Normally in this case, making X blocking is much better because non-blocking spends much resource for a stupid loop. But this example is good to help you understand the fact: non-blocking doesn't mean asynchronous.
The four words do make us confused easily, what we should remember is that the four words serve for the design of architecture. Learning about how to design a good architecture is the only way to distinguish them.
For example, we may design such a kind of architecture:
// Module X = Module X1 + Module X2
// Module X1
while (true)
{
msg = recv(many_other_modules, NON_BLOCKING_FLAG);
if (msg is not null)
{
if (msg == "done")
{
break;
}
// create a thread to process msg
}
else
{
sleep(2000); // 2 sec
}
}
// Module X2
broadcast("I got the book from Y");
// Module Y
// prepare the book for X
send(X, book);
In the example here, we can say that
X1 is non-blocking
X1 and X2 are synchronous
X and Y are asynchronous
If you need, you can also describe those threads created in X1 with the four words.
One more time: the four words serve for the design of architecture. So what we need is to make a proper architecture, instead of distinguishing the four words like a language lawyer. If you get some cases, where you can't distinguish the four words very clearly, you should forget about the four words, use your own words to describe your architecture.
So the more important things are: when do we use synchronous instead of asynchronous? when do we use blocking instead of non-blocking? Is making X1 blocking better than non-blocking? Is making X and Y synchronous better than asynchronous? Why is Nginx non-blocking? Why is Apache blocking?

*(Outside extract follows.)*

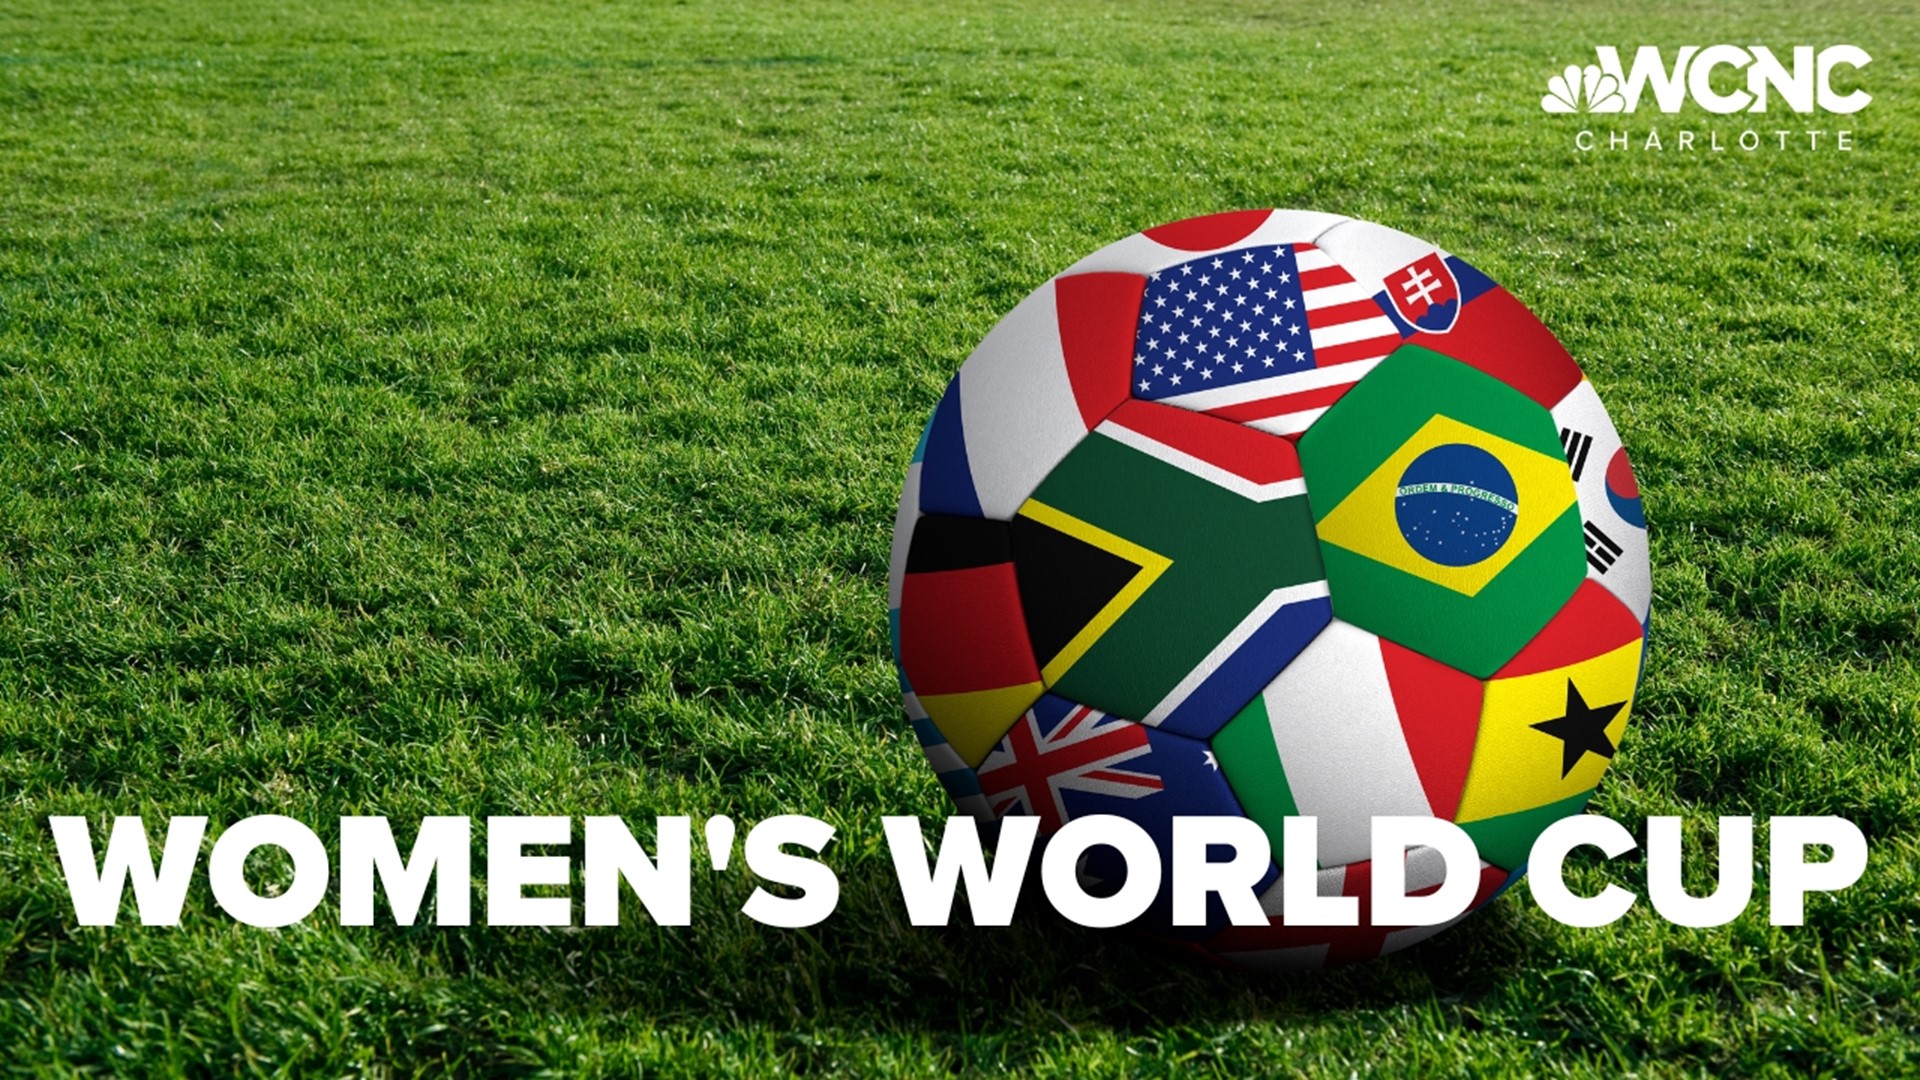 Womens world cup kicks off today! wcnc

These questions are what you must figure out.
To make a good choice, you must analyze your need and test the performance of different architectures. There is no such an architecture that is suitable for various of needs.

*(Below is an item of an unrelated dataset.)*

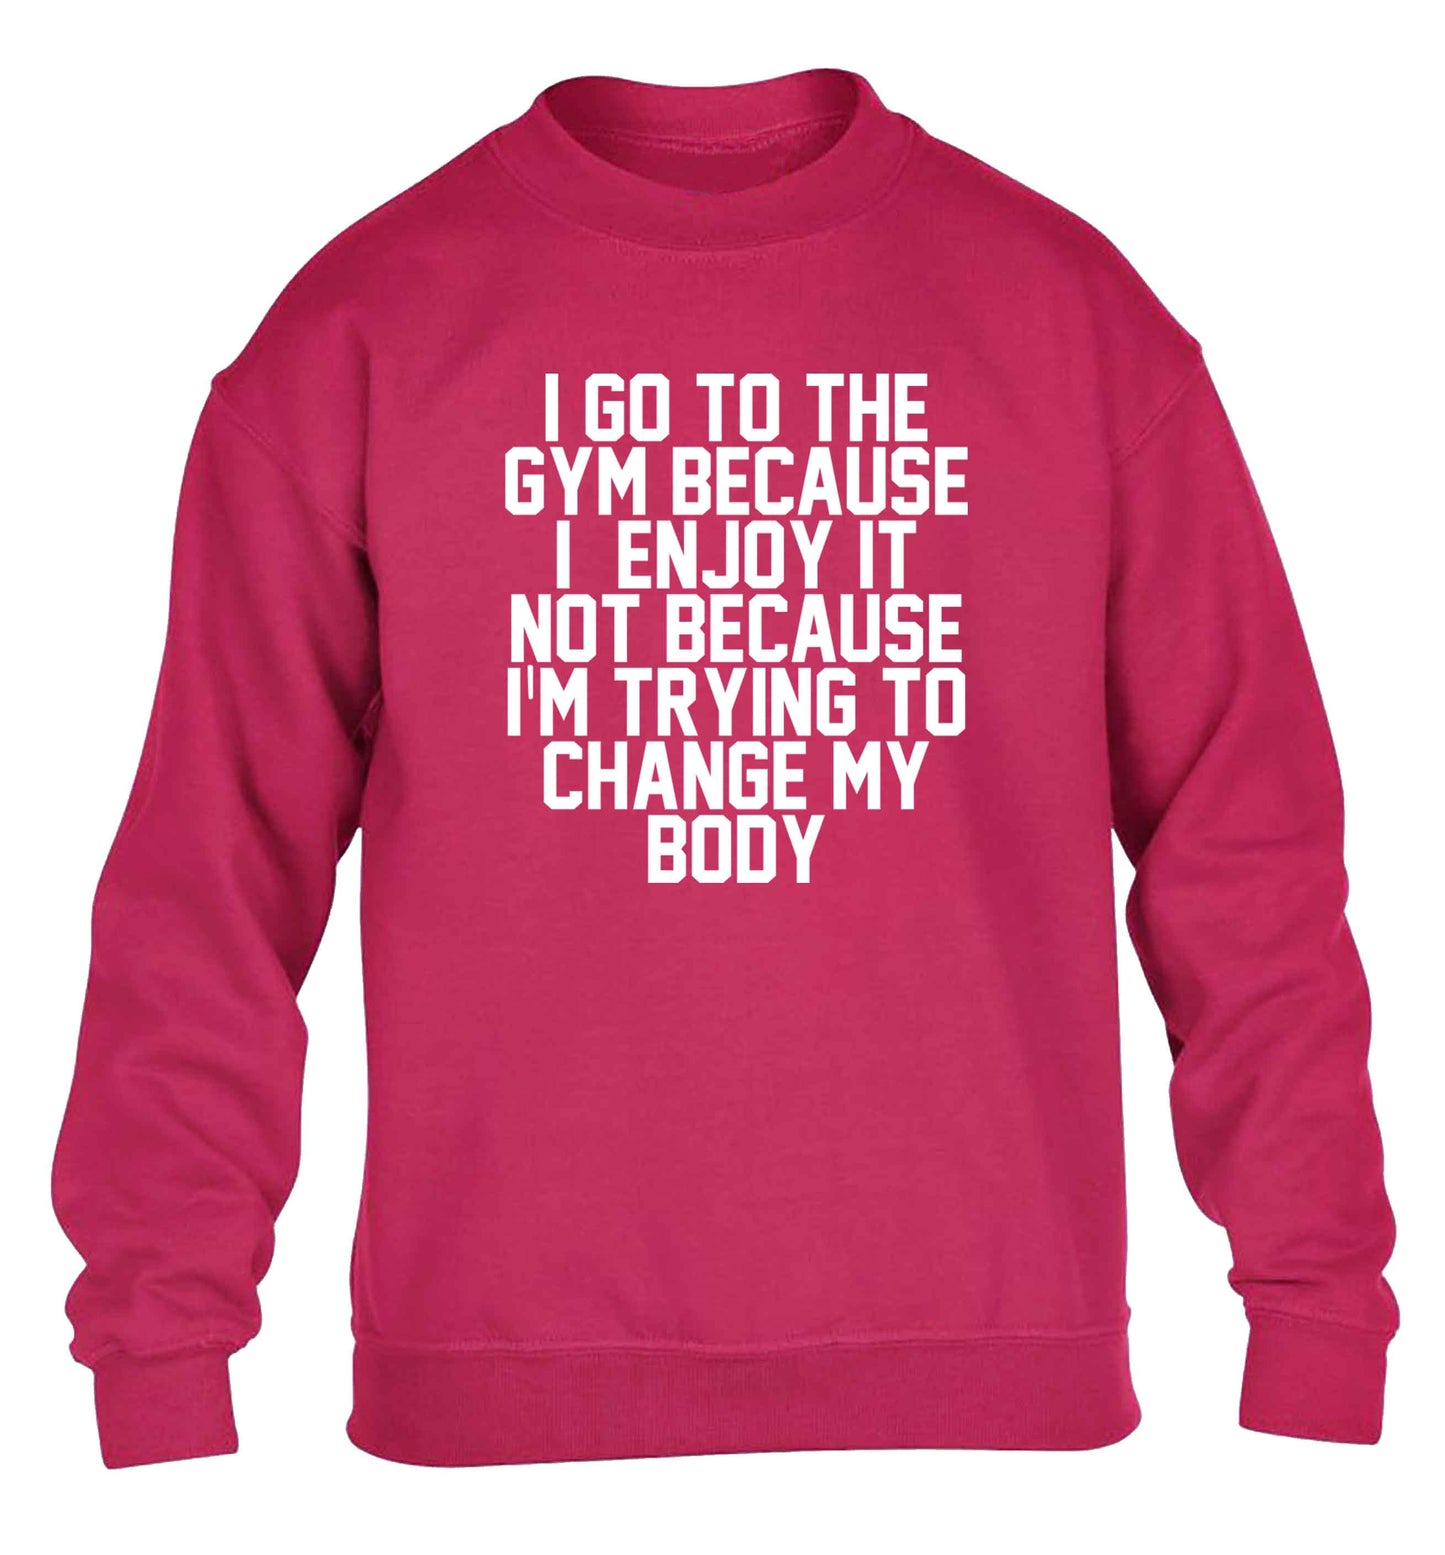 I go to the gym because I enjoy it not because I'm trying to change my body children's pink sweater 12-13 Years

Asynchronous refers to something done in parallel, say is another thread.
Non-blocking often refers to polling, i.e. checking whether given condition holds (socket is readable, device has more data, etc.)
Synchronous is defined as happening at the same time (in predictable timing, or in predictable ordering).

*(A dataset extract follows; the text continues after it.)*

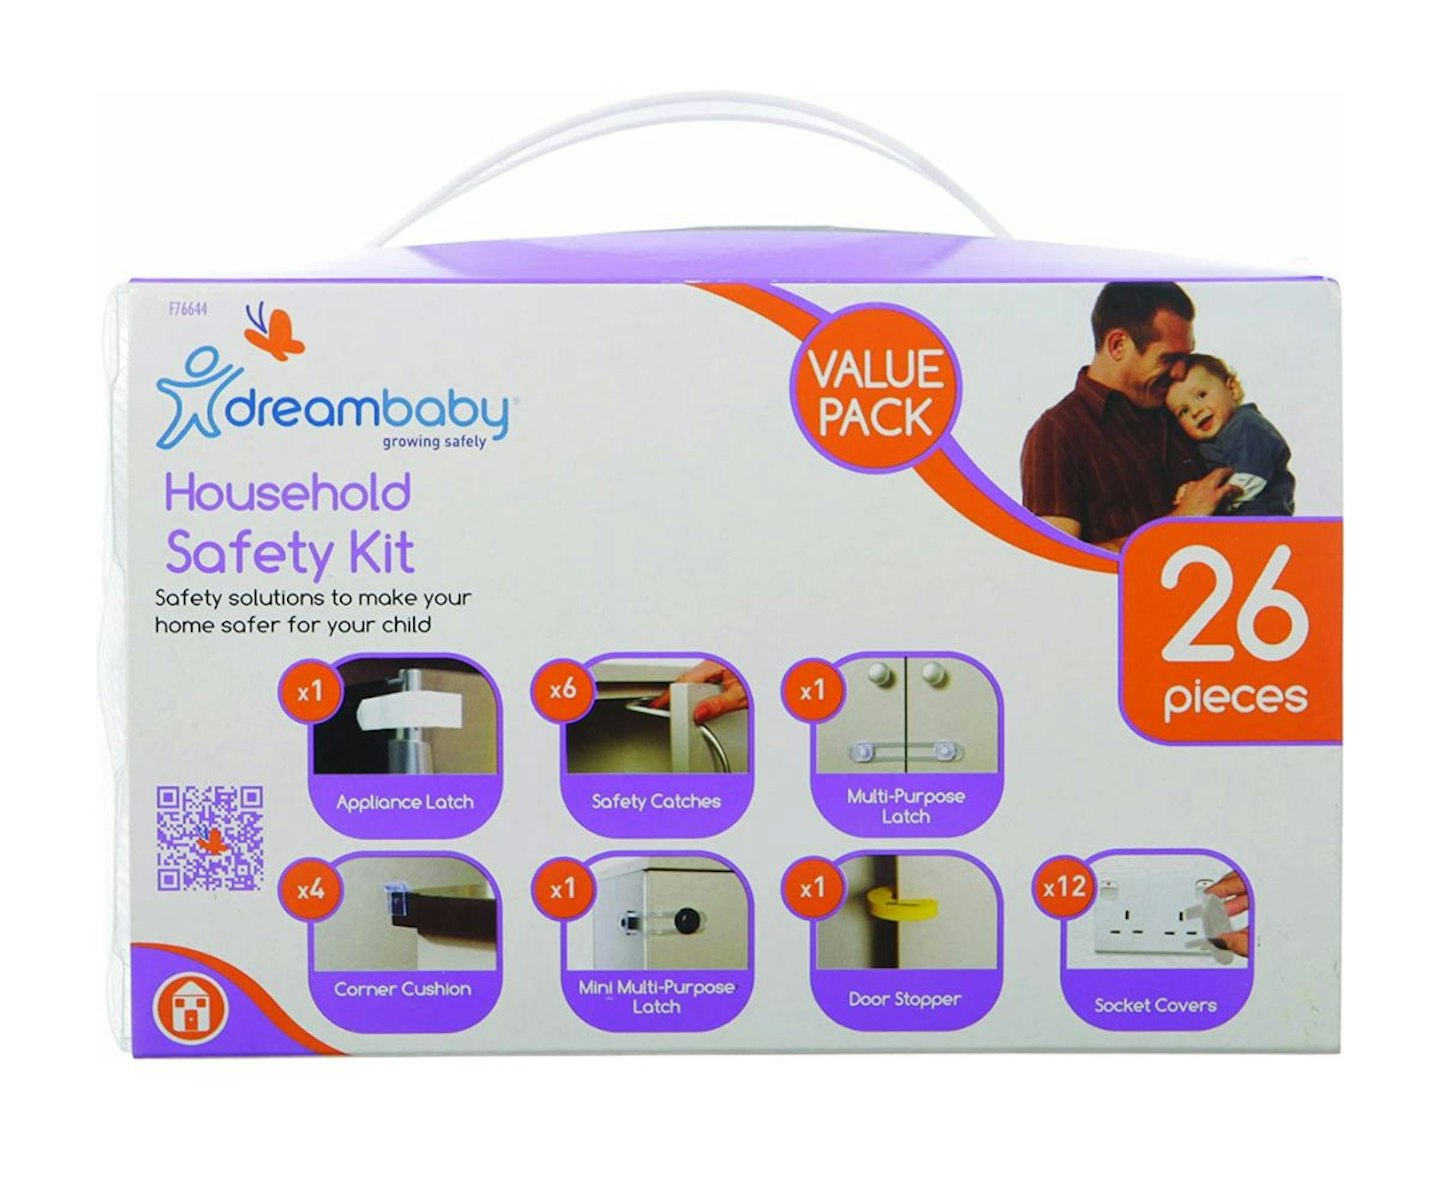 The Top Baby Safety Products for Baby-Proofing Your Home

Asynchronous is defined as not happening at the same time. (with unpredictable timing or with unpredictable ordering).
This is what causes the first confusion, which is that asynchronous is some sort of synchronization scheme, and yes it is used to mean that, but in actuality it describes processes that are happening unpredictably with regards to when or in what order they run. And such events often need to be synchronized in order to make them behave correctly, where multiple synchronization schemes exists to do so, one of those called blocking, another called non-blocking, and yet another one confusingly called asynchronous.
So you see, the whole problem is about finding a way to synchronize an asynchronous behavior, because you've got some operation that needs the response of another before it can begin. Thus it's a coordination problem, how will you know that you can now start that operation?
The simplest solution is known as blocking.
Blocking is when you simply choose to wait for the other thing to be done and return you a response before moving on to the operation that needed it.
So if you need to put butter on toast, and thus you first need to toast the bred. The way you'd coordinate them is that you'd first toast the bred, then stare endlessly at the toaster until it pops the toast, and then you'd proceed to put butter on them.
It's the simplest solution, and works very well. There's no real reason not to use it, unless you happen to also have other things you need to be doing which don't require coordination with the operations. For example, doing some dishes. Why wait idle staring at the toaster constantly for the toast to pop, when you know it'll take a bit of time, and you could wash a whole dish while it finishes?
That's where two other solutions known respectively as non-blocking and asynchronous come into play.
Non-blocking is when you choose to do other unrelated things while you wait for the operation to be done. Checking back on the availability of the response as you see fit.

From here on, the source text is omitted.